* **What needs to be done**:
Skip the pictures, and retype the data below in full, exactly.

* **Given information**:
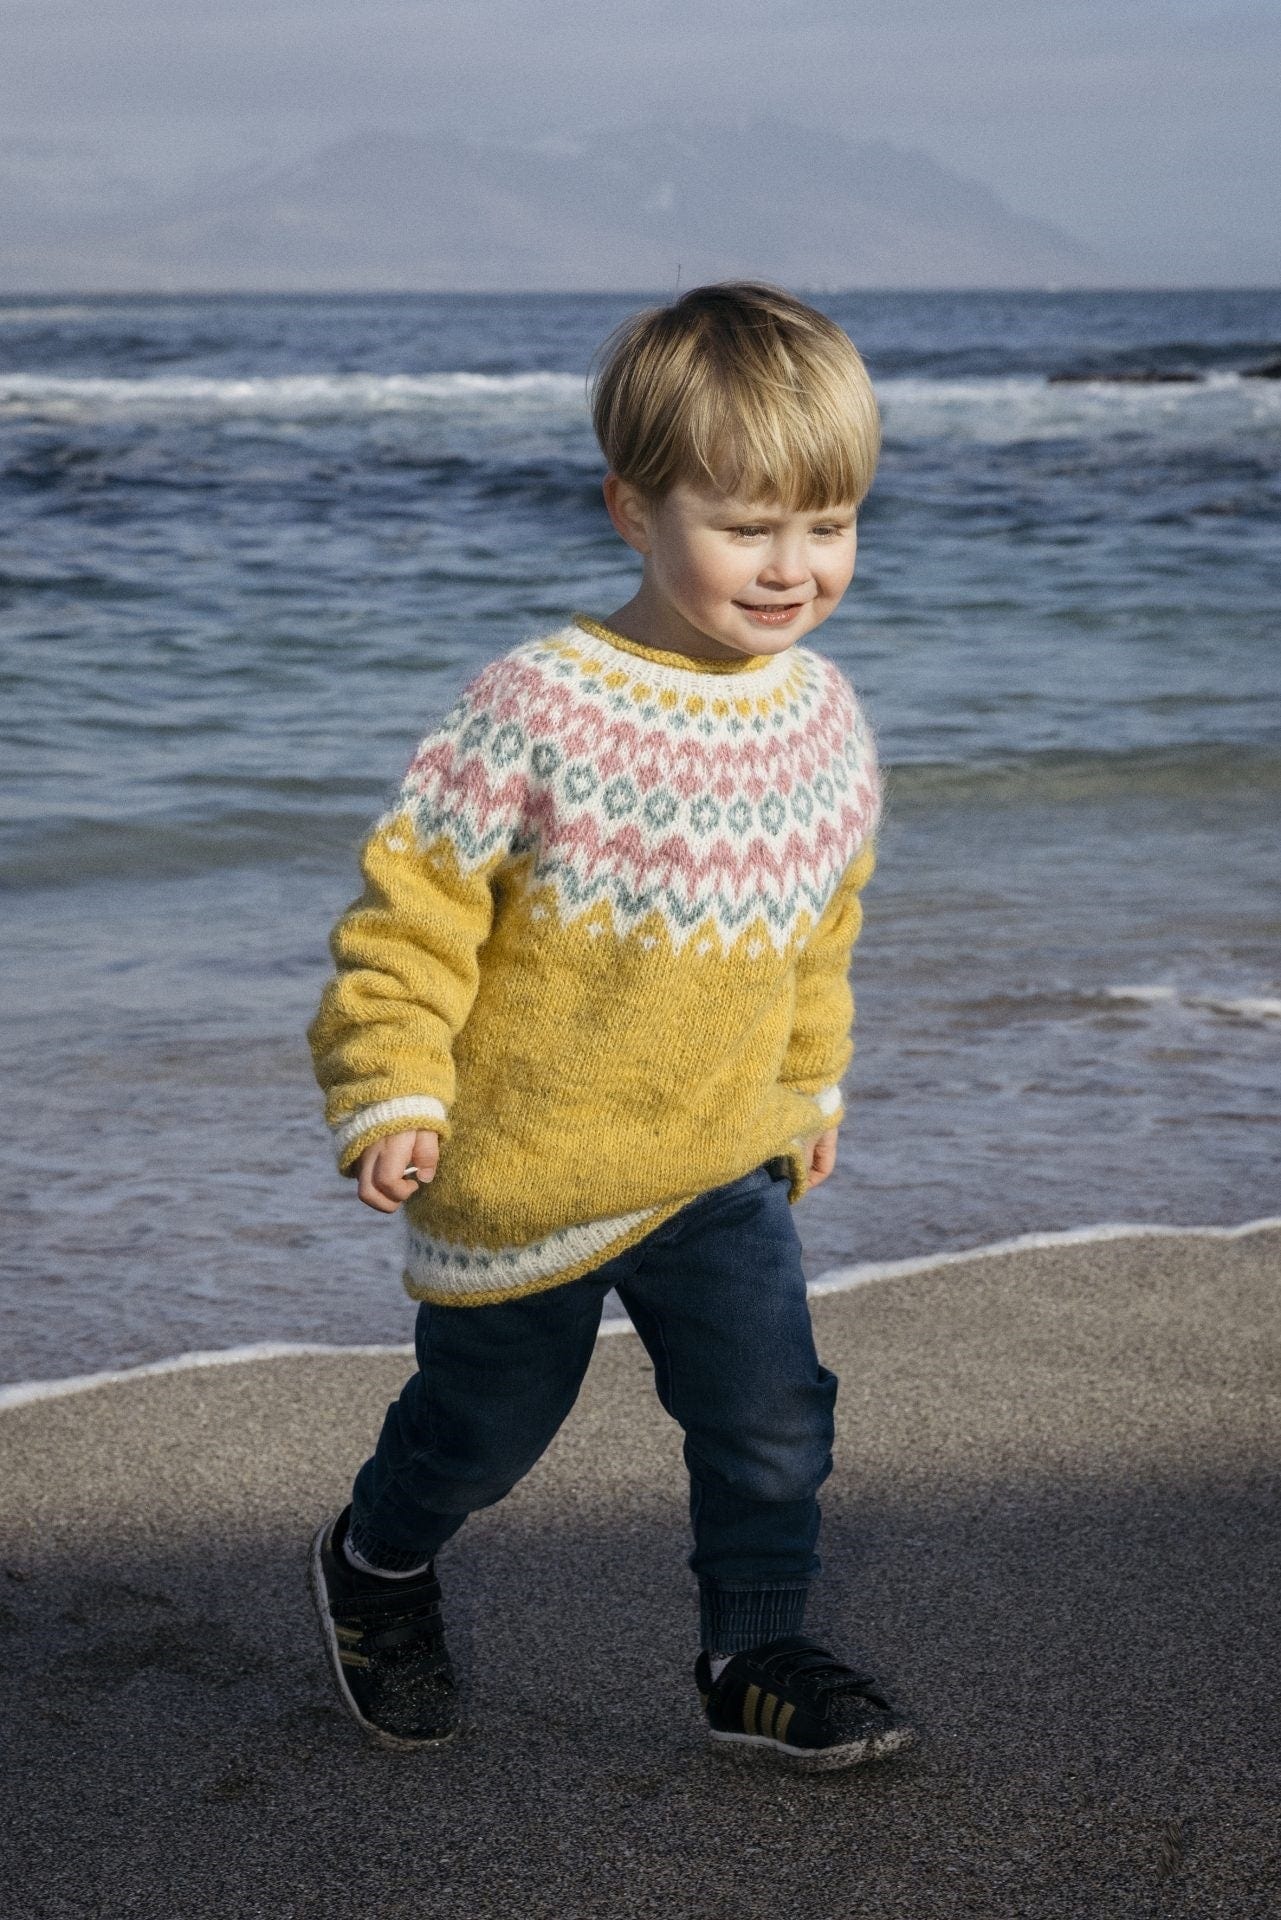 Riddari - children sweater- Free Wool Sweater Knitting pattern Download - The Icelandic Store
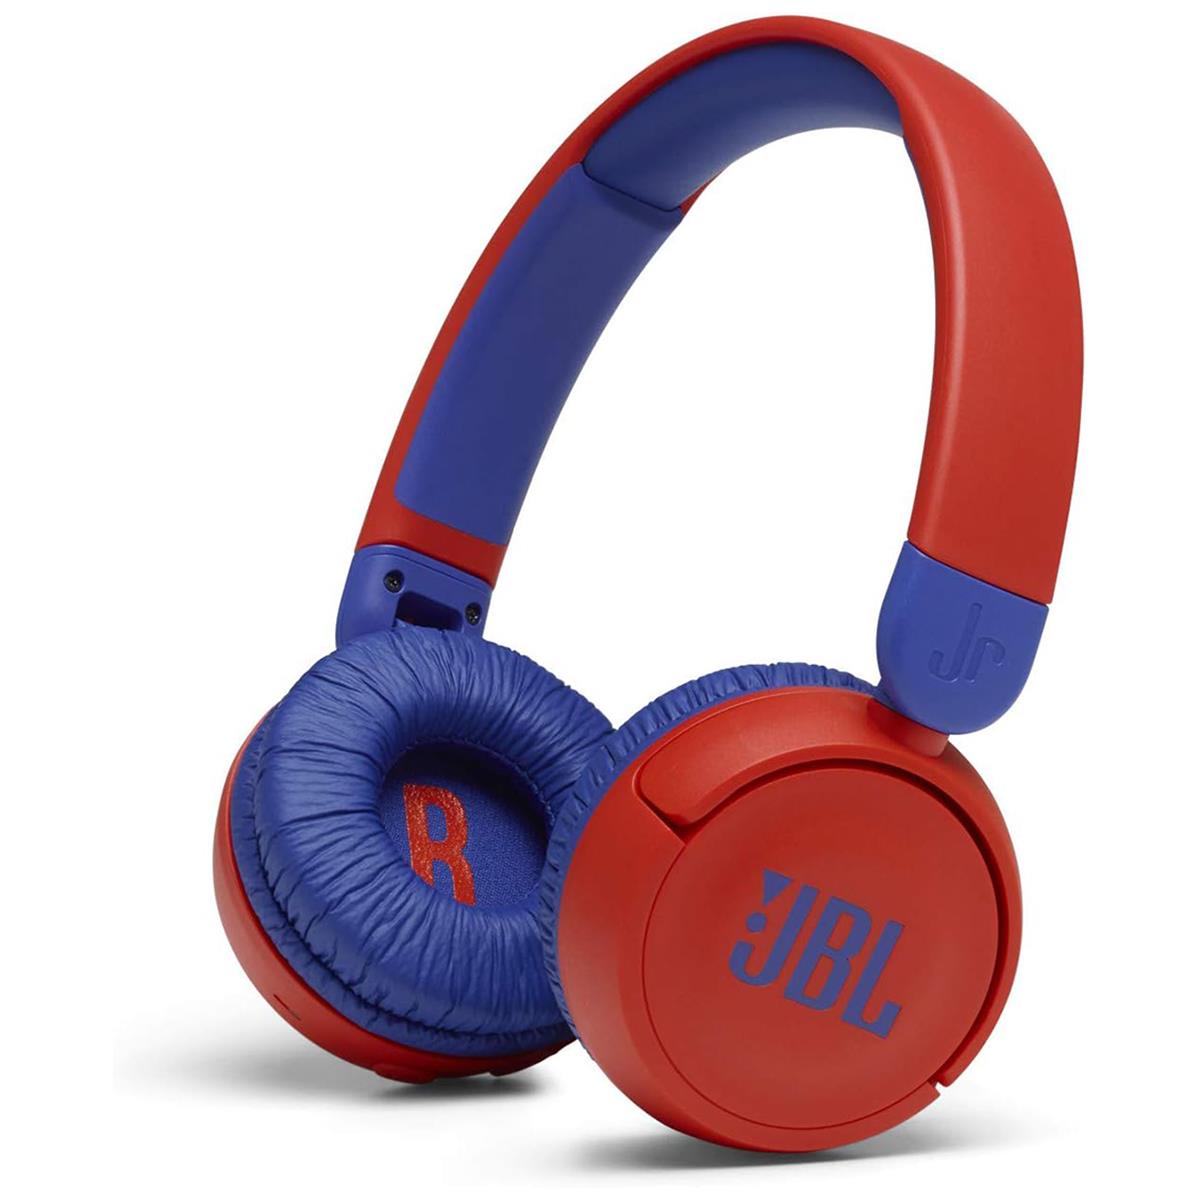 Image of JBL JR310BT Wireless Closed-Back On-Ear Kids Headphones
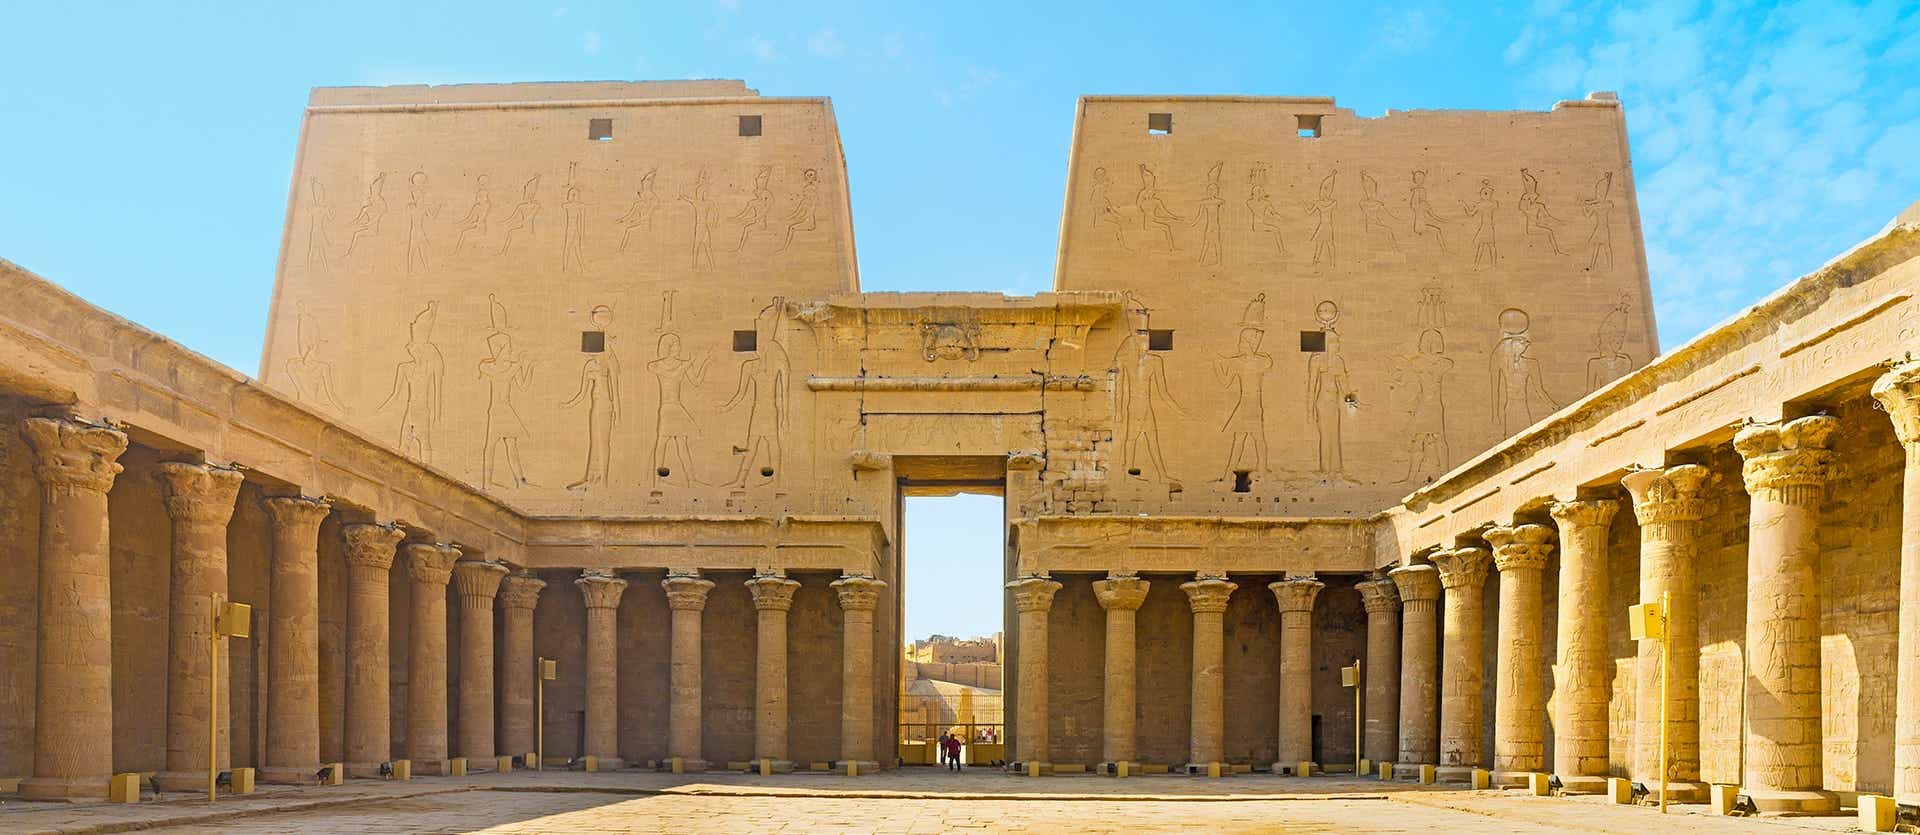 Temple of Horus <span class="iconos separador"></span> Edfu <span class="iconos separador"></span> Egypt

* **Finished exercise**:
 Riddari - children sweater- Free Wool Sweater Knitting pattern Download - The Icelandic Store
 Image of JBL JR310BT Wireless Closed-Back On-Ear Kids Headphones
 Temple of Horus <span class="iconos separador"></span> Edfu <span class="iconos separador"></span> Egypt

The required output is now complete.